# To much licking?



## Sky14 (Aug 18, 2006)

My Eskyda constintly licks my face and hands!! Is it because she likes the oil my skin produces or is it love grooming.....or both????

It is kinda enoying but if I try to stop her she just starts licking the hand I try to stop her with!! 

*Sigh*


----------



## JennieLove (Jan 2, 2007)

lol, nothing bad about all the kisses!


----------



## fallinstar (Nov 26, 2006)

its all kisses


----------



## lilspaz68 (Feb 24, 2007)

Enjoy your licky love-y rat. They aren't that common. I had one who was happiest licking/grooming my face. She'd even gently groom my eyebrows...LOL. Only rat I trusted near my eyes she was soo gentle. I miss my Maya and her gentle ministrations.


----------



## Neuroticax (May 1, 2007)

My Starr CONSTANTLY licks my hands and chest when I've got her out. I absolutly love her kisses!


----------



## Sky14 (Aug 18, 2006)

I never said I didn't enjoy all the kissys and attention I was just wondering if it was normal..... LOL 

I had one other ratsy that loved to kiss but...*very deep breath* my mom kinda killed'er..... I was at camp for 5 days and my mom "couldn't" change the cage so she put it outside.... My rattata was only a few months old... *sniff* A racoon had knocked the cage over and scared her to death... I still haven't forgive'n my mom even though it happend a couple years ago.

*Deep breath* Anyway I love all the kissys.


----------



## JennieLove (Jan 2, 2007)

Of course its normal.


----------



## tasha (Oct 16, 2006)

I would kill my mom! I understand the "couldn't" change the cage thing, that is so maddening. It's 100 times smaller than you! What's the worst that could happen! lol that is a terrible story.

My rats like to kiss and nibble (especially the fingernails) but I take it as love and kiss them back!


----------



## Sky14 (Aug 18, 2006)

tasha said:


> I would kill my mom! I understand the "couldn't" change the cage thing, that is so maddening.


I know! I almost punched her but I went out to tend to Rattata instead.... :roll:  

What is it that they like about are "claws"? lol


----------



## Hana-chan (May 7, 2007)

LOL! that was just my question too! Kuro has been kissy since i picked her up the day she opened her eyes. it was her way of quietly informing me that although i THOUGHT i was going to take home A rat for my son, she had decided to adopt me and would be coming along as well

I'm so sorry to hear about your poor rattie! and i thought my mom was bad cause she wouldve just left the cage as it was!


----------



## Sky14 (Aug 18, 2006)

*smiles* Yeah....*sigh,sniff* 

Anyway what is it with ratsys and being my personal (and bad) nail clippers? LOL


----------



## lizzydeztic (Mar 15, 2007)

awww gitzie LOVES chewing on my thumb nails so i make sure to not paint them.

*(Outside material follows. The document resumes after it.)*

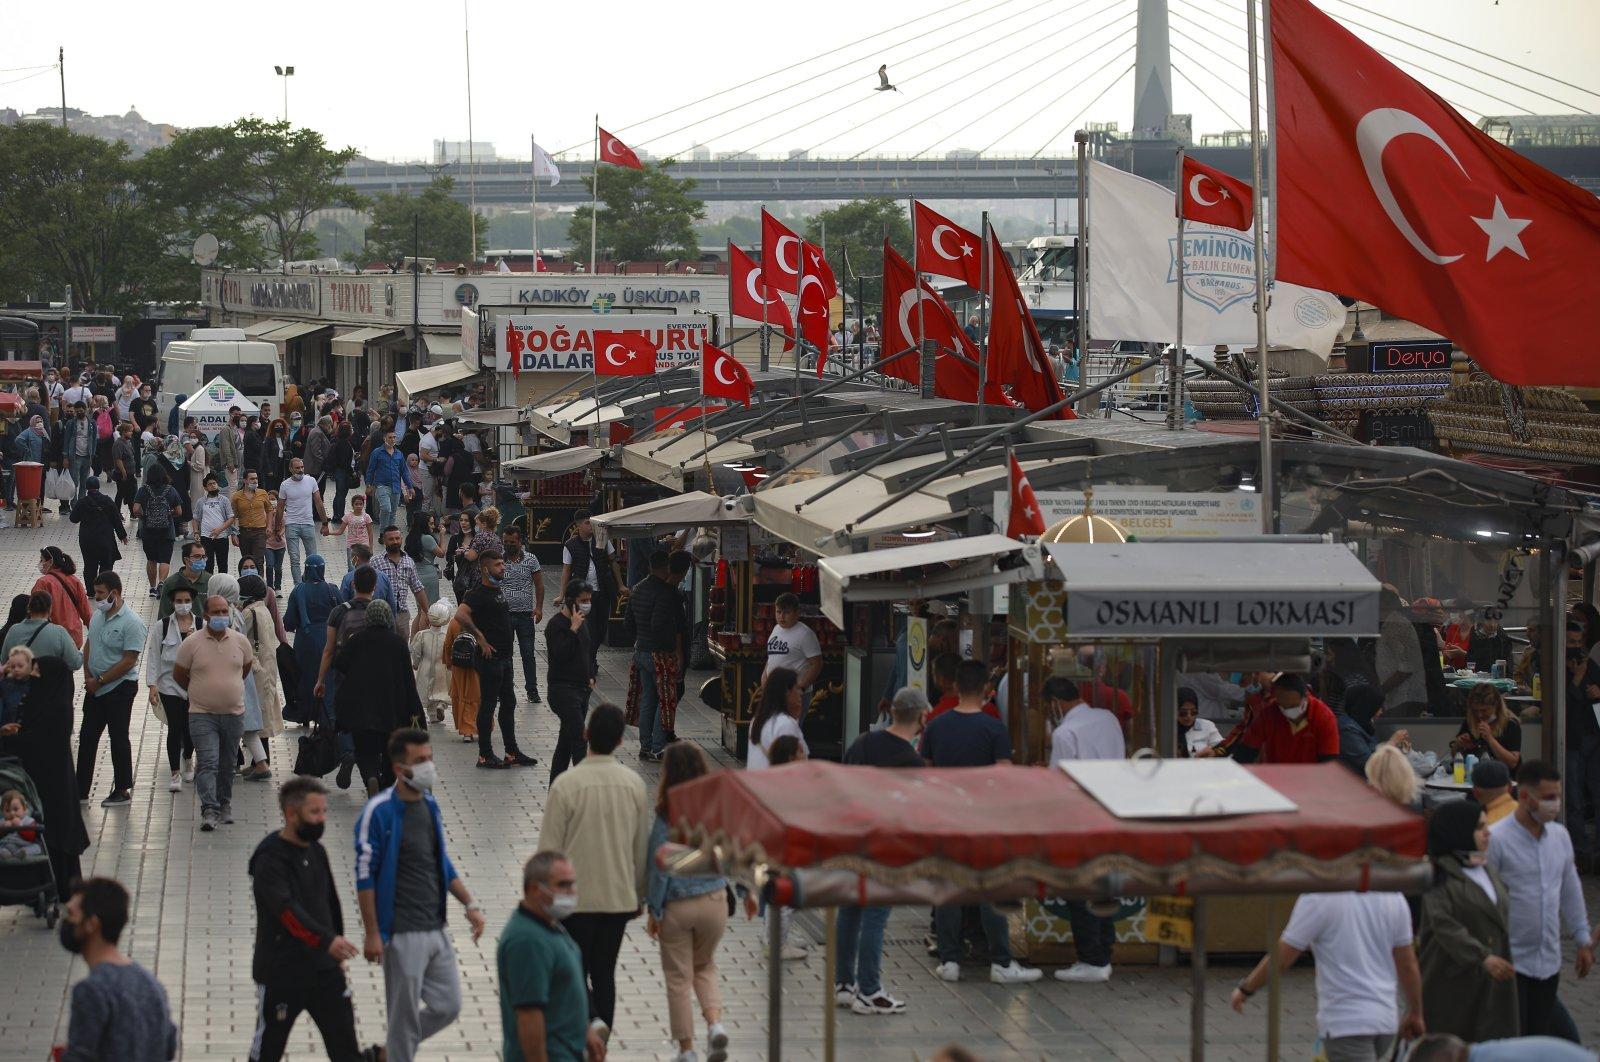 People walk in the Eminönü neighborhood, in Istanbul, Turkey, May 28, 2021. (AP Photo)

ronny always kisses my face when i hold her. and she loves sitting on top of my head when i'm on the computer. i have her right now it's so cute. 

i haven't had them for too long, since about the beginning of march i believe and i'm so happy at how much they've opened up to me. ronny is the sweetest though, i let them run around on the couch or bed every night and she'd rather just sit on my shoulder and brux in my ear and clean herself.


----------



## Sky14 (Aug 18, 2006)

I know what'ya mean. 

But what's with the nail biting??


----------